Published: 2022-12-21
Updated: 2023-09-06

Virtual eXtensible LAN is a new and popular tunneling technology, allowing a network to tunnel Ethernet frames over a routed network. This solves many scalability problems, especially for large scale datacenter networks. The aim of this article is to introduce VXLAN, look at why it was developed and a quick under-the-hood look into how it works. I plan on creating additional posts where I explore specific VXLAN features, of which there are many. It is impossible to cover it all in one go.

In this article

The main purpose of VXLAN is to replace the VLAN tag, so this article will spend some time talking about VLANs and why they exist. If you feel confident in your knowledge of how a switch perform MAC-learning and VLAN-tagging then you may skip the VLAN chapter.

Another main purpose of VXLAN is to not rely on Spanning Tree Protocol (STP) to keep the network free from loops.

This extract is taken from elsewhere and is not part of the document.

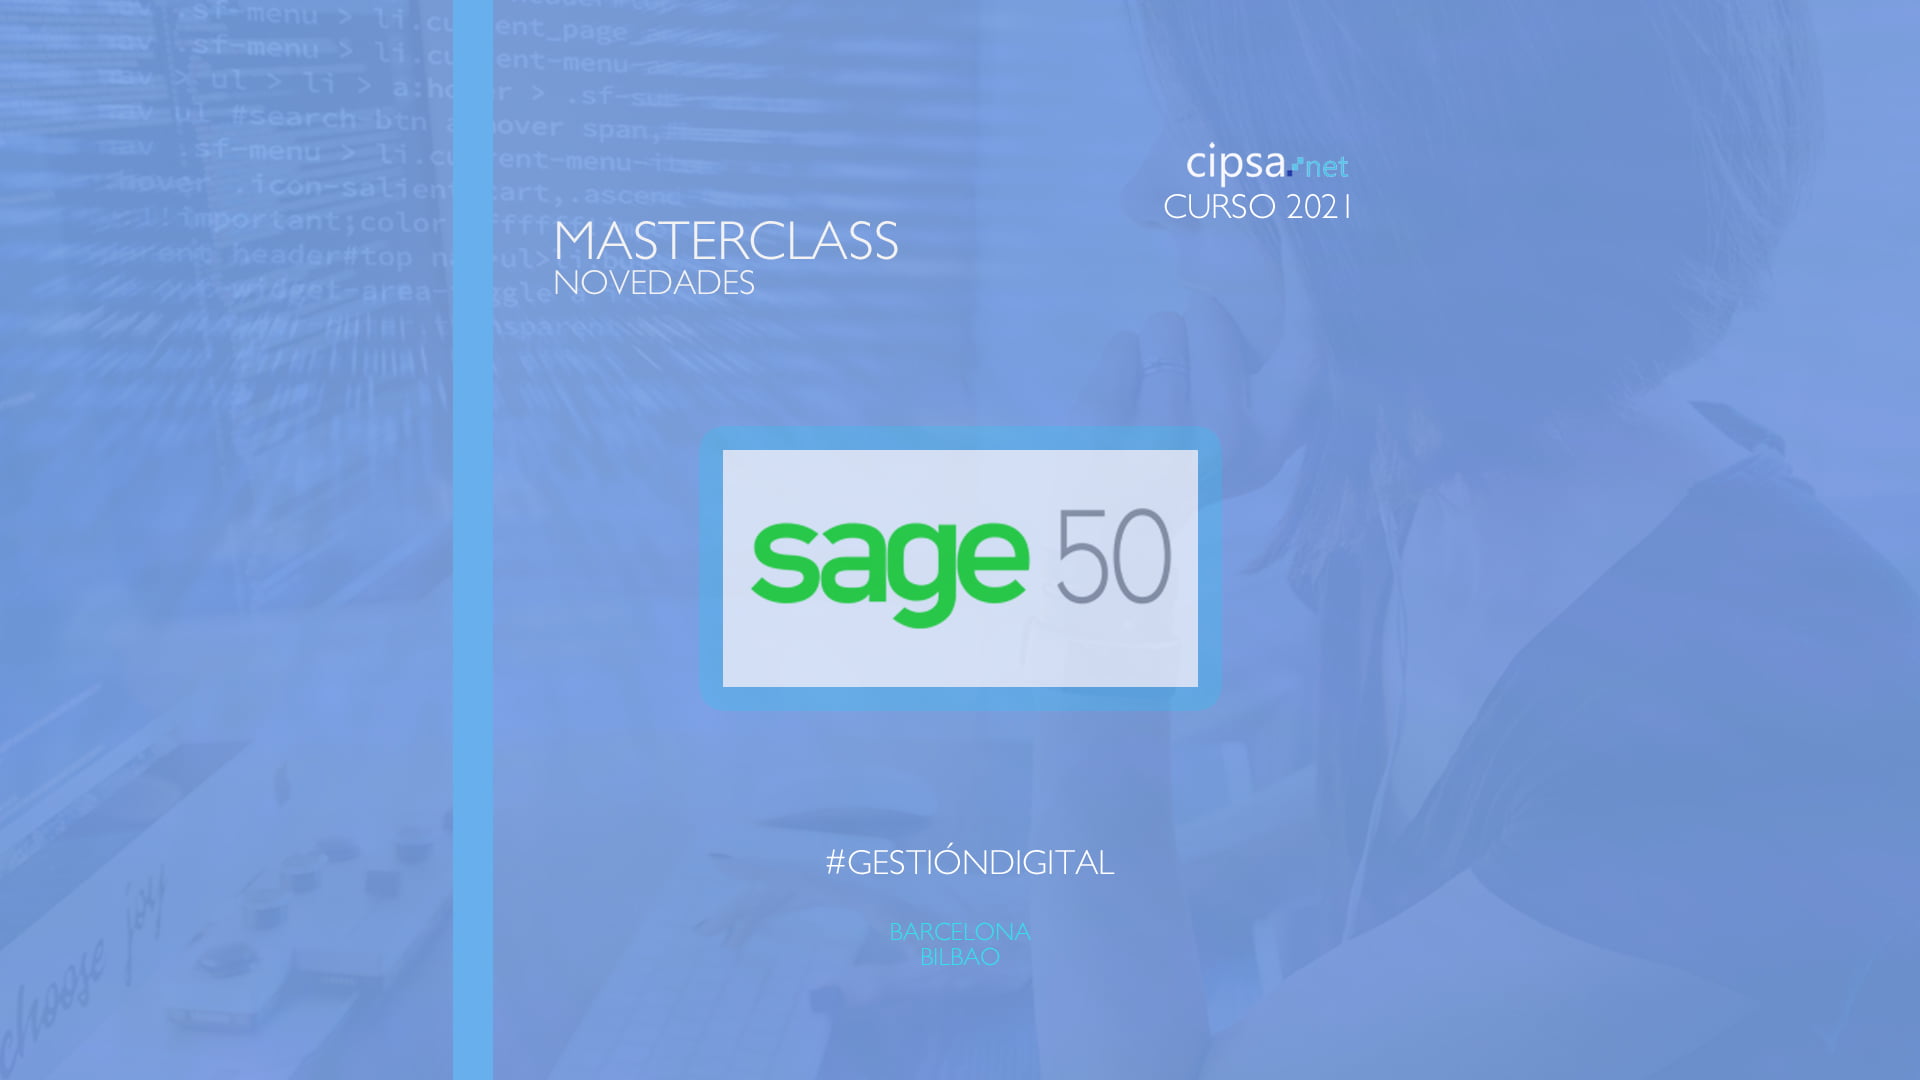 Sage 50 la aplicación ideal para la gestión contable digital para pymes.

Since Ethernet has no concept of loop detection and relies on flooding on flooding unknown traffic, STP must be deployed in switched network topologies to keep them loop-free. STP achieves this by blocking inter-switch links that would otherwise cause a loop. The STP tradeoff is that these blocked links remain unutilized. When using VXLAN, inter-switch links are routed links which means they can all be active and forwarding. This will be discussed in greater detail below.

We will also cover the topics of Ingress Replication and attempt to demystify the terms Underlay and Overlay.

Let's get started!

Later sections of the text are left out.